The book is also prophetic in yet another sense of the word. Prophecy is not only future foretelling or God's speaking about the future, but also God's speaking to the heart and conscience of His people with a view to living here and now. Thus we read that “one who prophesies speaks to men for edification and exhortation and consolation” (1Cor 14:3). If we read the book of Daniel with the same desire as Daniel to gain understanding of the future, the result will be that our lives will be screened. We will begin to see it in its true perspective, that of the future.
As a result, motives and elements in us will come to light that we will begin to condemn and change because they are worthless or even harmful and sinful in the light of the future. As a result, our lives will be able to respond more to the purpose God has with them, and that is the glorification of His Son.
This book is about the people of Daniel, but they are the people of Messiah Jesus. There is no people of Daniel if He is not there. To Him this people owes their existence. He has called them and redeemed them, both happened through Him. Through this people He will finally be glorified because of it, when He Himself will have fulfilled all the promises He has made to this people.
It is my prayer that studying this book of the Bible will have the effect of making us love His appearing more (2Tim 4:8).
Ger de Koning
Middelburg, November 2010, revised 2017
Introduction to the book of Daniel
This book speaks about the end time, that is, the time immediately before the coming of the Lord Jesus to reign on earth. It is an important book. This is also evident from the fact that the enemy attacks it again and again. It is perhaps the most attacked book of all Old Testament books. This is because the book contains many prophecies that were already fulfilled in the time when the Lord Jesus was on earth.
An example of this we see in the rise of the four consecutive world realms over which Daniel prophesied. Unbelief cannot accept that a prophet has predicted this so accurately. Therefore, Bible critics have dated the book much later. According to these people, the book was written after the fulfilment of the prophecies and so, they claim, cannot have been from Daniel.
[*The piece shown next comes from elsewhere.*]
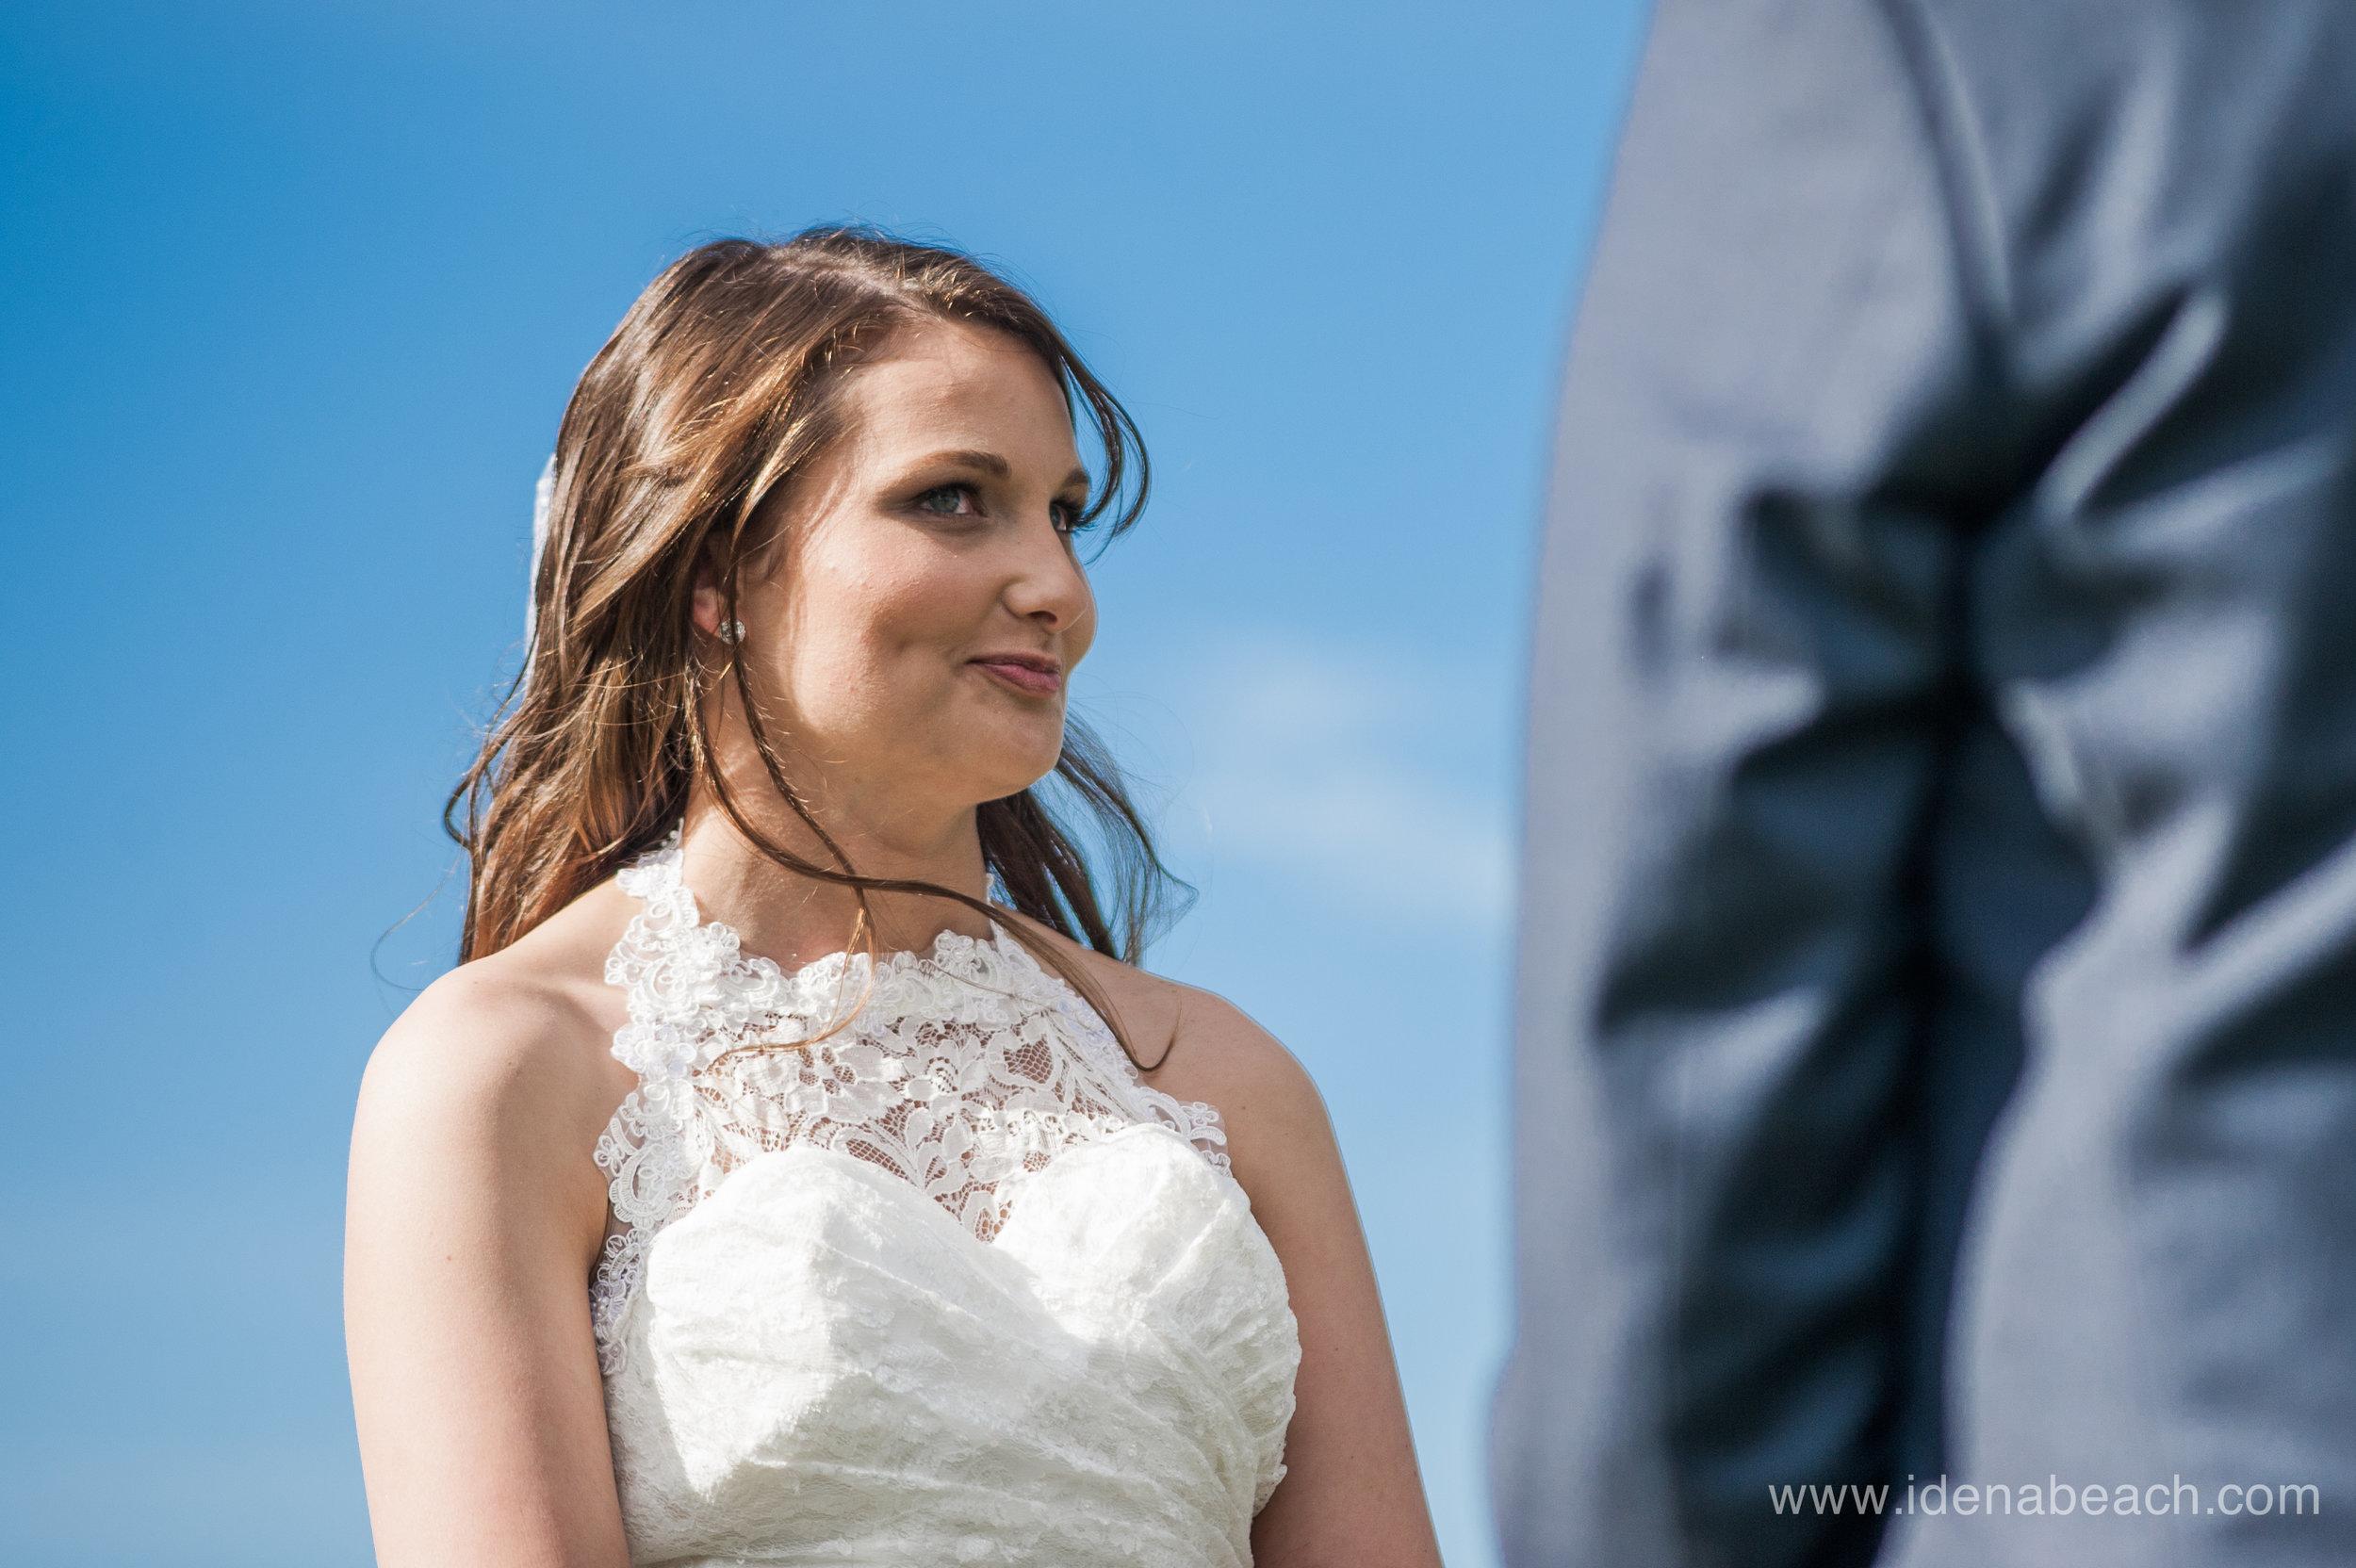 Mountain-Top-Inn-Vermont-Wedding-Photographer-55.jpg

But we have to do with a God who indicates in advance how history will go and how events will take place (Isa 46:10). In the book we also see things that took place later and things that also still have to happen. Above all, we have the clear testimony of the Lord Jesus Himself. He speaks emphatically of “Daniel the prophet” (Mt 24:15). His testimony is the end of all contradictions.
There is also a testimony about the Lord Jesus in the book of Daniel and that is His title ‘Son of Man’. In the Gospels the Lord speaks several times about Himself as “the Son of man”. This name appears three times in the Old Testament: twice in Psalms (Psa 8:4; 80:17) and once in Daniel (Dan 7:13). Every time He calls Himself by this name, it is a confirmation of the historical accuracy of the book of Daniel, for He is the Son of man Who Daniel describes, Who will come once to establish His kingdom of peace (Dan 7:13).
In the book of Ezekiel, we also find evidence of Daniel. Ezekiel is a prophet in exile and speaks of Daniel (Eze 14:14,20). Daniel is already known then. This is an extra argument that the book of Daniel can only be dated in that time and not later.
It is still important to know something about the historical background of this book. The last God-fearing king in Judah is Josiah. Josiah dies in the war against the king of Egypt, Neco, a war he should not have waged for Neco is on his way to Assyria and not to Judah (2Chr 35:21-24). Of the four sons that Josiah has, the people take the youngest son and make him king (2Chr 36:1). He rules only three months. The king of Egypt has power in Israel and takes him to Egypt. He makes the second son of Josiah, Eliakim, king, and gives him the name Jehoiakim. Jehoiakim is a godless king (2Chr 36:5-8). This king Jehoiakim is the one mentioned in Daniel 1 (Dan 1:1).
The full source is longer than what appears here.